Studio album by Altered State
- Released: August 27, 1991
- Genre: Progressive rock, alternative rock
- Length: 45:00
- Label: Warner Bros. Records
- Producer: Tony Berg

Altered State chronology
|  | Altered State (1991) | Dos (1993) |

Singles from "Altered State"
- "Step Into My Groove" Released: 1991; "Step Into My Groove CD5" Released: 1991; "Ghost Beside My Bed" Released: 1992;

= Altered State (Altered State album) =

Altered State is the debut record of the American progressive rock band Altered State, released August 27, 1991 on Warner Bros.
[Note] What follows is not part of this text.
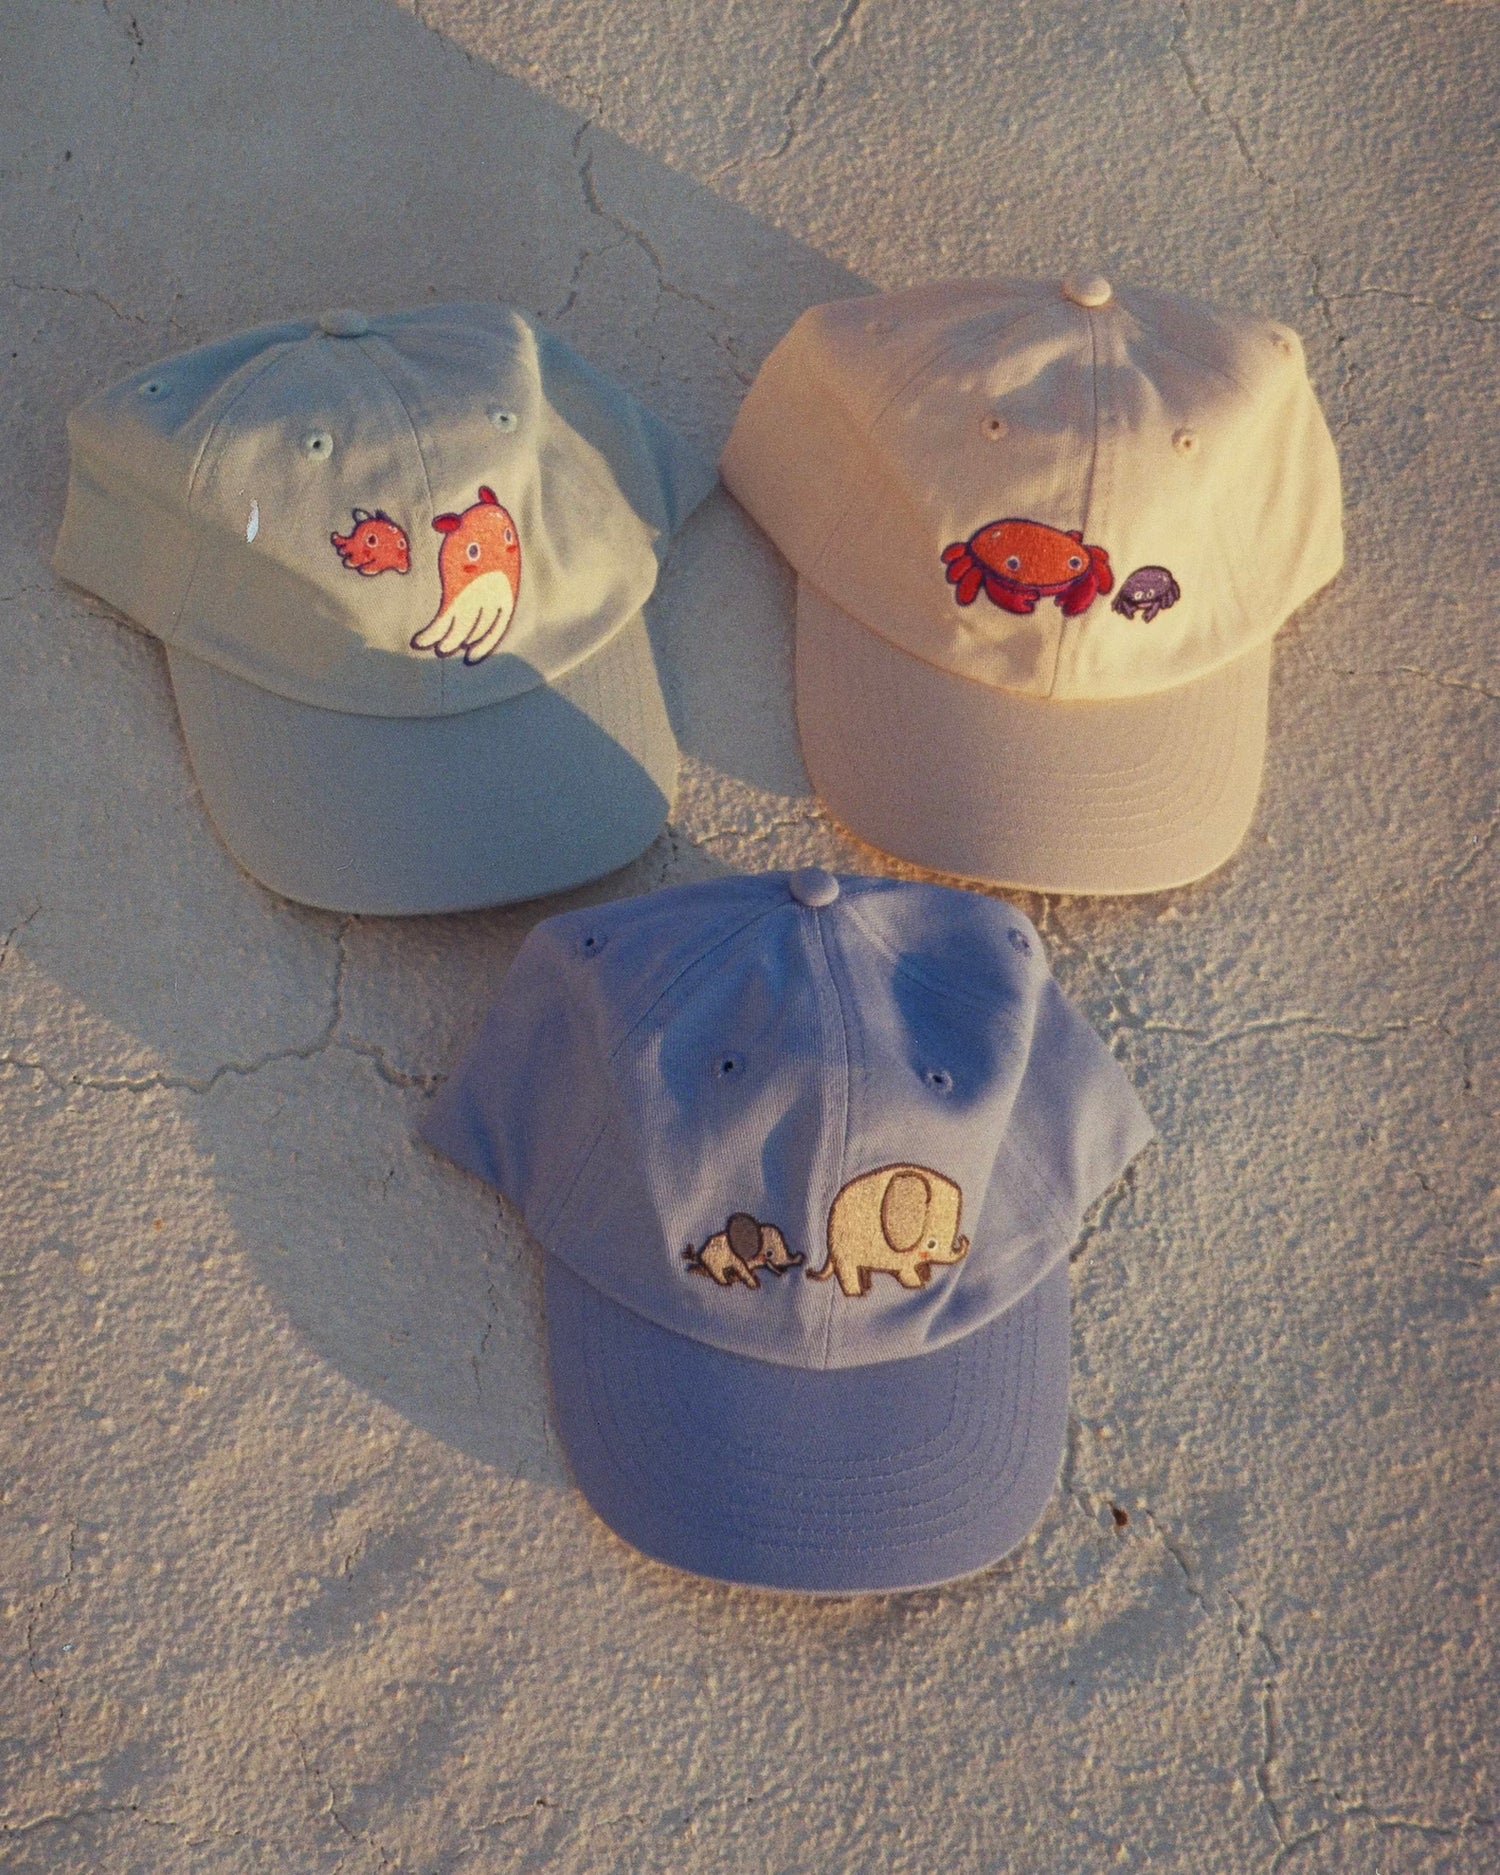 Drei Caps / Mützen für Kinder in hellblaues Cap mit einem rosa Tintenfisch, ein beiges Cap mit zwei Krabben und ein hellblaues Cap mit zwei Elefanten

Records. The album's first single, Step Into My Groove, received radio and MTV airplay along with two alternate versions of the song went to radio as well, the Psychedelic Mix and Psychedelic Instrumental recordings, produced by Ben Grosse.

The Los Angeles Times hailed the album as one of the Year's Best in 1991.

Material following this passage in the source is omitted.